Contudo, a música nova não atrai a massa crítica que permite captar publicidade e garantir a viabilidade financeira de uma estação de rádio, por isso o apoio da Unicer (a empresa que produz e comercializa a cerveja Super Bock) é fundamental. Rui Lopes Ferreira sublinhou a parceira que liga a Unicer e a Música no Coração, uma relação que dura há 23 anos, mais concretamente desde a primeira edição do festival Super Bock Super Rock.

A relação da rádio SBSR com o festival que lhe deu o nome e com a marca de cerveja que tem como patrocinador principal está presente. O logótipo é o mesmo do festival (a conhecida guitarra vermelha) e os nomes dos cinco painéis que constituem o corpo principal da grelha semanal são, no mínimo, um exercício de criatividade: “Manhã Autêntica”, “Parque das Canções”, “Super Tarde”, “Rock” e “Arena Lunar”.

A SBSR pode ser ouvida em Lisboa na frequência 90.4 e, no Porto, em 91.0 – e claro, na Internet. Estas frequências, que pertenciam à Rádio Nostalgia, estão agora ocupadas pela nova estação, uma viragem que Luís Montez assinala como uma passagem natural “do passado para o futuro”. Numa breve entrevista, o responsável da promotora Música no Coração e da Luso Canal (empresa que detém as rádios Radar, Marginal, Oxigénio, Amália, entre outras) explicou ao Observador, de viva voz, o conceito por detrás da nova estação:

A diferença mais destacada está no modo como a SBSR foi pensada, em contracorrente com aquilo em que se tornou a rádio portuguesa nas últimas décadas. Ao apostar em programas de autor, ou seja, nas pessoas em vez das máquinas, a SBSR recupera o formato da “rádio de autor” – com as devidas adaptações ao tempo e à tecnologia.

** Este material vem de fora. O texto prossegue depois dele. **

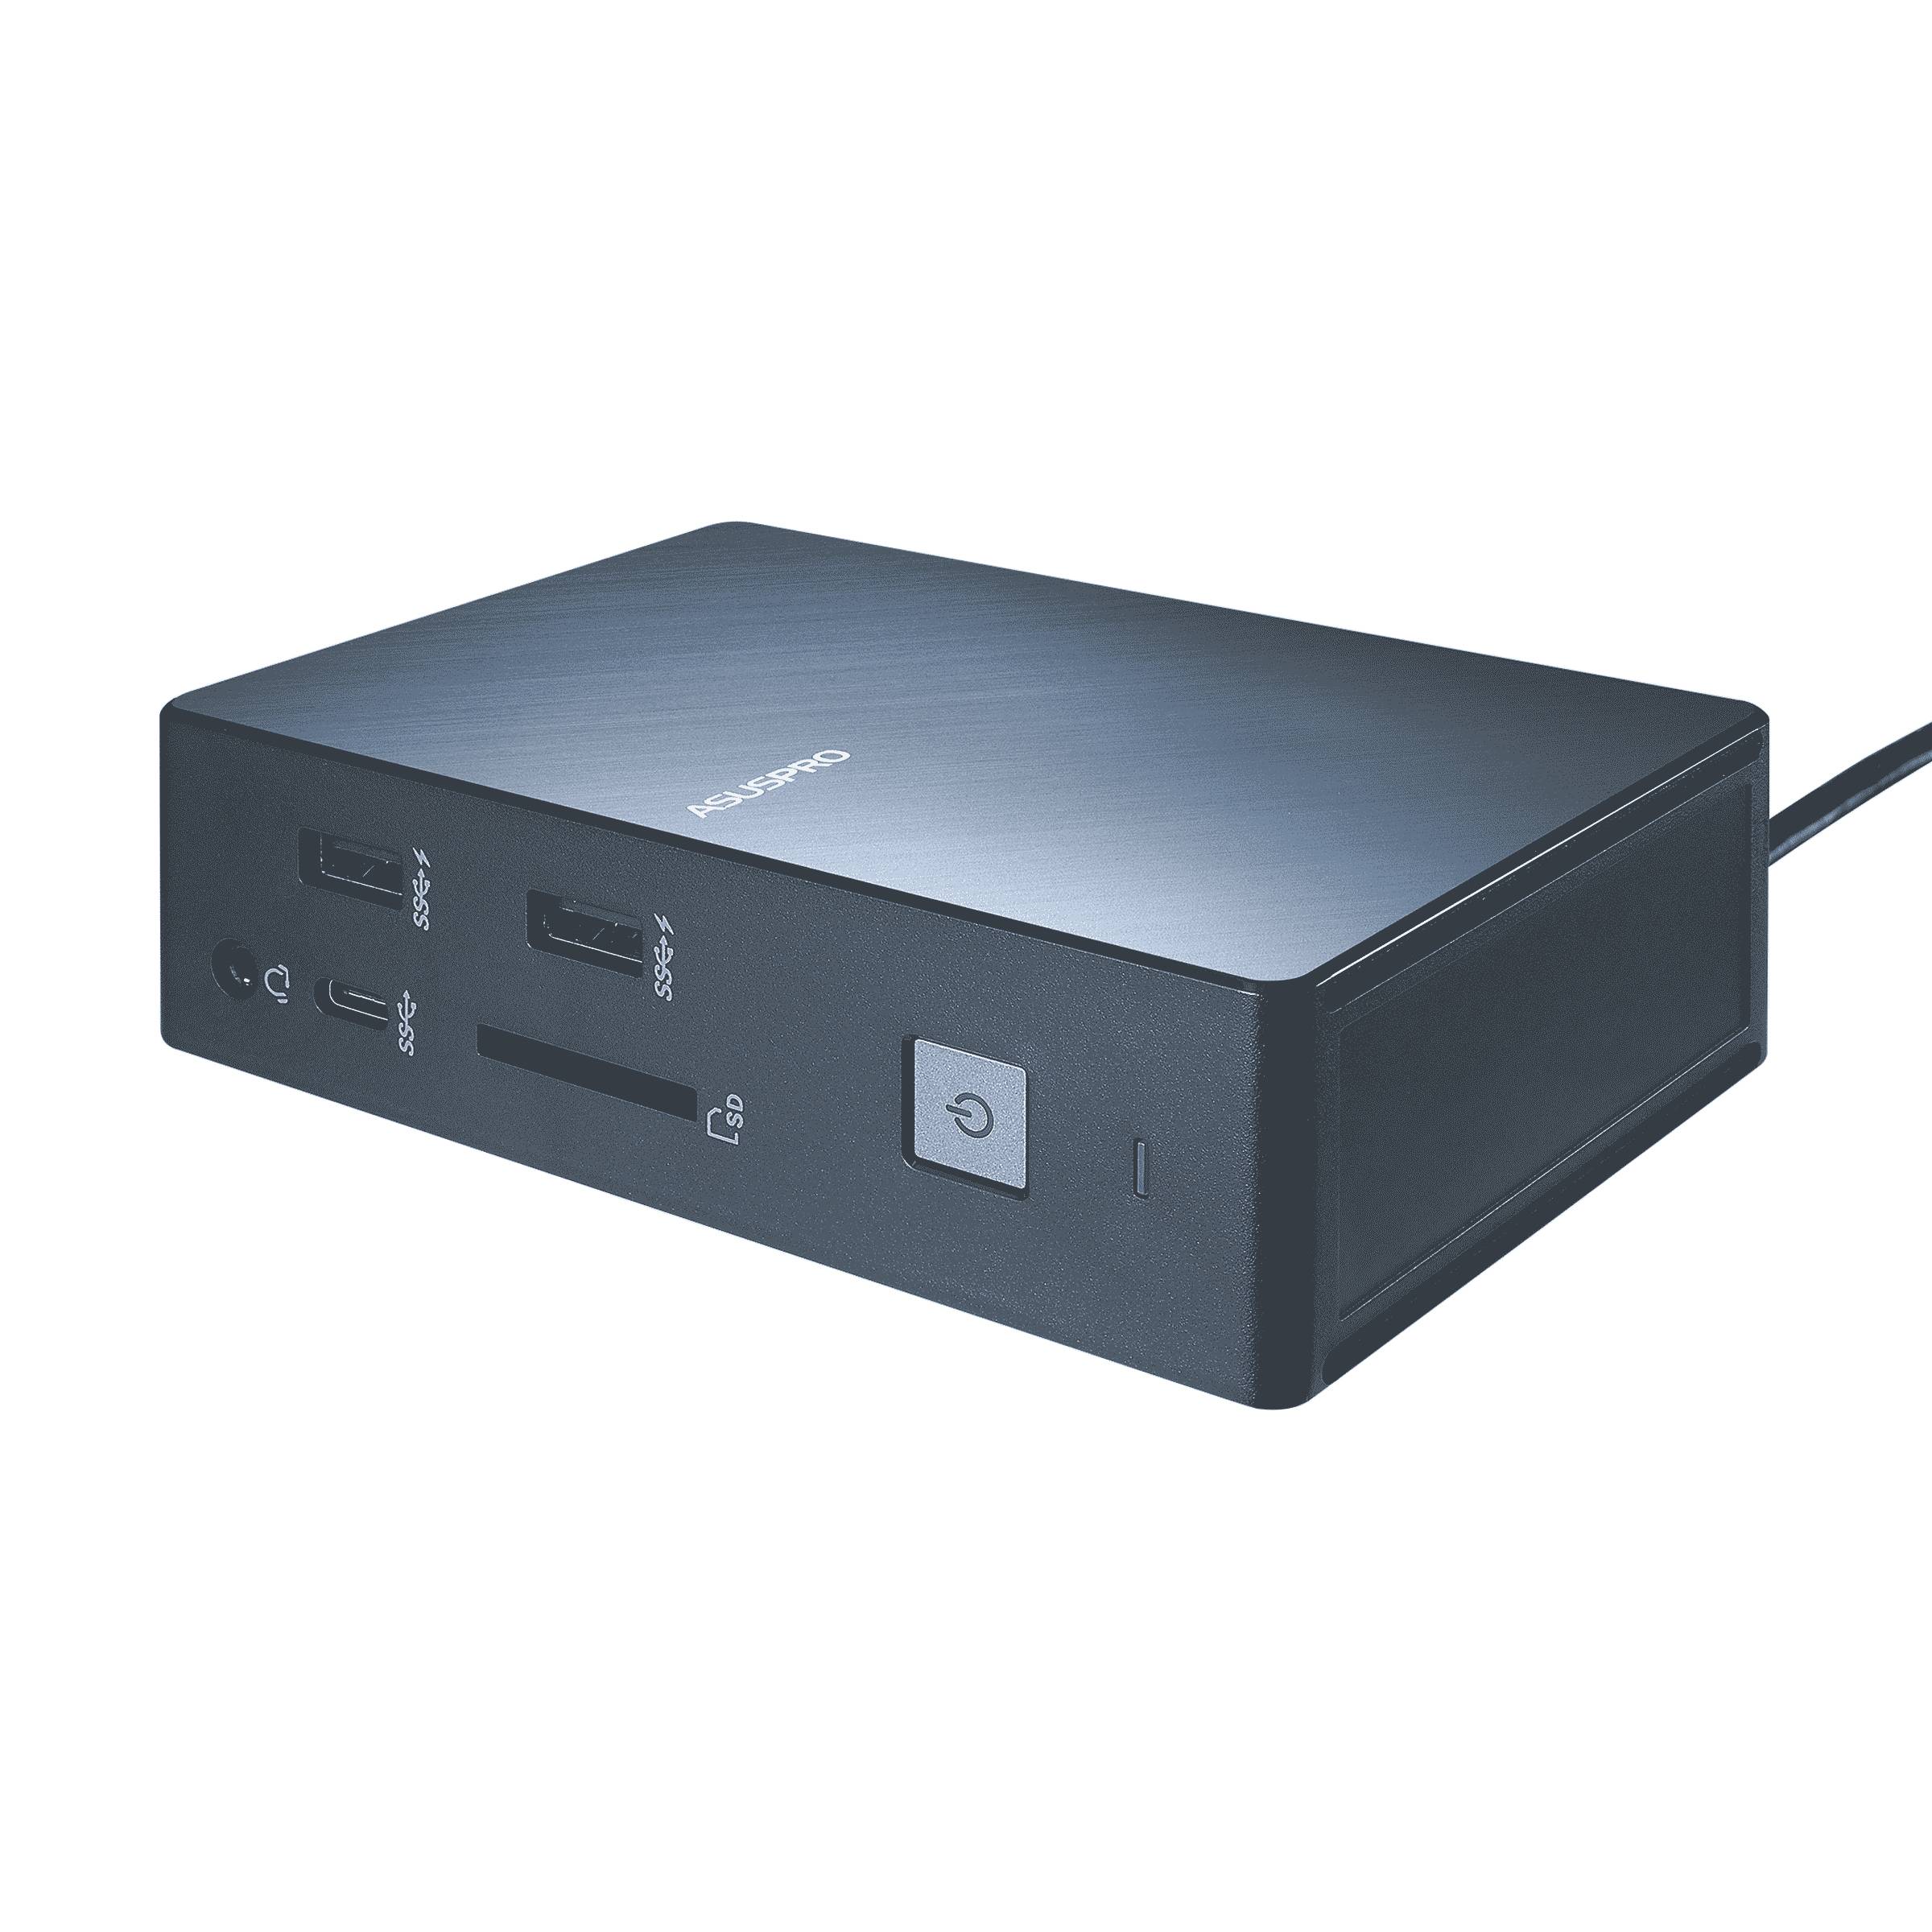 Rca Informatique - image du produit : SIMPRO DOCK 2 THUNDERBOLT USB TYPE-C DOCKING STATION DP HDMI

Luís Montez fez questão de sublinhar isso mesmo, ao afirmar que “a recomendação dos animadores de rádio têm um papel importante”. E acrescentou: “não somos uma playlist, somos uma estação de rádio”, contrapondo com os sistemas de recomendação dos serviços de streaming de música.

Este foi precisamente o elemento central da entrevista que fizemos a Tiago Castro, coordenador da SBSR, e a Ricardo Mariano, autor do programa “Vidro Azul” (RUC, Radar), dois dos cinco locutores/realizadores que asseguram a grelha de continuidade da SBSR. E porque é de rádio que estamos a falar, trazemos na voz esta conversa:

A SBSR pode ser sintonizada em Lisboa (90.4 FM), no Porto (91.0 FM) e em todo o mundo através da página sbsr.fm.